Physician engagement is the intentional process of bringing physicians together with other healthcare stakeholders and staff with the intention of continuously improving care and patient experience. This healthcare stakeholders and staff range from the board of directors to hospital front desk staff and even investors.
For an organization to run smoothly, all members and departments of the organization have to run smoothly and be interconnected with each other. For healthcare organizations, this included the physicians as well. However, most of their time physicians aren’t as engaged in other aspects of the healthcare organization besides treating patients (which is their main goal). Understandably, they often have their hands full with patient consultations, surgery, attending to patients in the emergency room etc so they have little to no tie for administrative work. However, improving physician engagement in these areas is crucial for the overall well being of a healthcare organization. Physician Dashboards can help solve this problem. It’s a recurring problem that physicians show reluctance to participate in physician engagement partly because of the uncertainties it brings. In order to solve this problem and increase physician engagement using physician dashboards, it important to understand why physicians are reluctant in the first place.

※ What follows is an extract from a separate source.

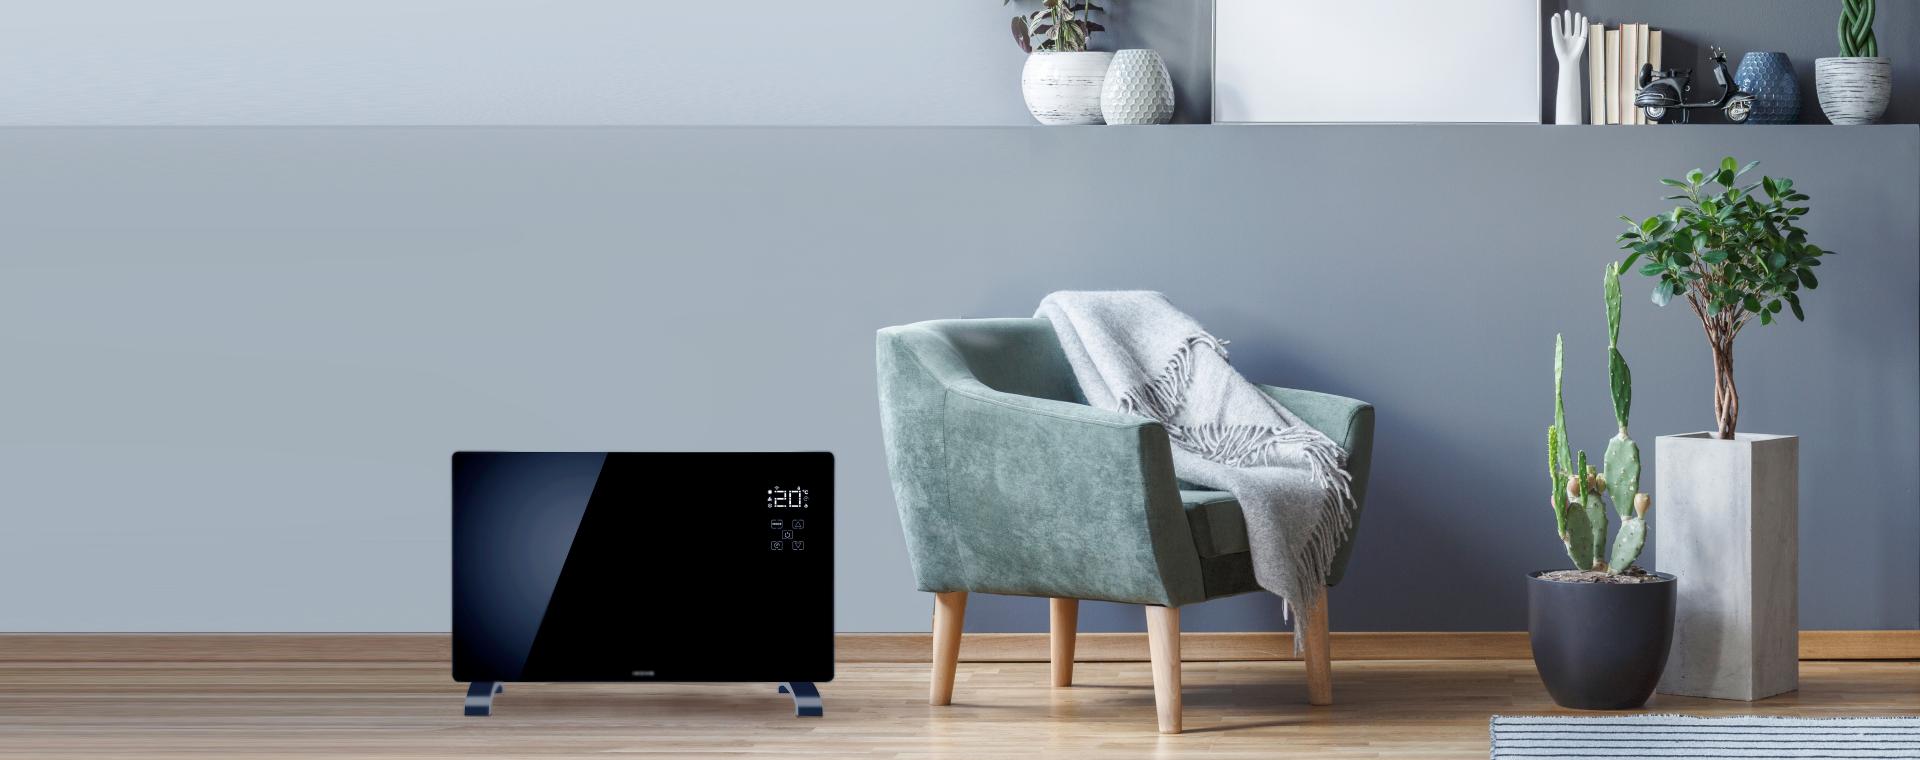 Riscaldare Camera Da Letto il riscaldamento ideale per la tua casa | ikohs - ikohs

There is no focus on Physician Engagement early in the process. It’s important to involve physicians at the onset stages of any organizational changes. Physicians will buy into a new methodology much more quickly if they are engaged in its development. Bringing physicians into the decision-making process early gives them a sense of ownership and control and helps them see the value in what’s been done. This early stage involvement trickles down throughout the organization. Early involvement also increases the ease of information flow.
Another problem is the lack of champions among the medical leadership team. Once the quality improvement team has set the vision, they need to find champions among the medical leadership to evangelize it. These “champions” are either senior physicians or physicians who are well respected by their colleagues or who have political capital in the organization. That doesn’t mean they’re issuing orders. Instead, they’re promoting it to their colleagues, telling them where the organization is headed and why it will benefit them individually and as part of the team. The champions should focus on what success will look like. If they can paint an attractive vision, it will help overcome the early fears and keep everyone onboard through the inevitable bumps and complications that arise in any sort of project of this magnitude.
Using Physician Dashboard and Scorecards to Increase Engagement
Measuring and sustaining outcomes improvement in healthcare is a top priority for industry leaders. But when it comes to the best tools for the job, healthcare leaders find themselves in a scorecard-versus-dashboard debate. This blog settles the debate with the recommendation to use both. Physician dashboards and scorecards used in tandem is the best way to measure and sustain outcomes improvement—scoreboards marry a scorecard’s big picture overview with a dashboard’s capacity to drill down to the details.
Dashboards for the Front Line: Front line staff (e.g., admissions staff, or coordinators, and nurse managers) use dashboards to monitor their daily progress in achieving system-wide outcomes improvement goals. For example, a health system Director of Support Services uses a dashboard to monitor call volume, wait times, and reported issues so he can react immediately.
Using Scorecards and Dashboards Effectively to Improve Outcomes: The best approach for measuring and sustaining outcomes improvement is pairing the long-term, big-picture nature of scorecards with the real-time, tactical capabilities of dashboards to enforce individual accountability and track performance at a timely cadence. But this two-pronged approach won’t work unless healthcare leaders truly understand the who, what, when, and how for each tool.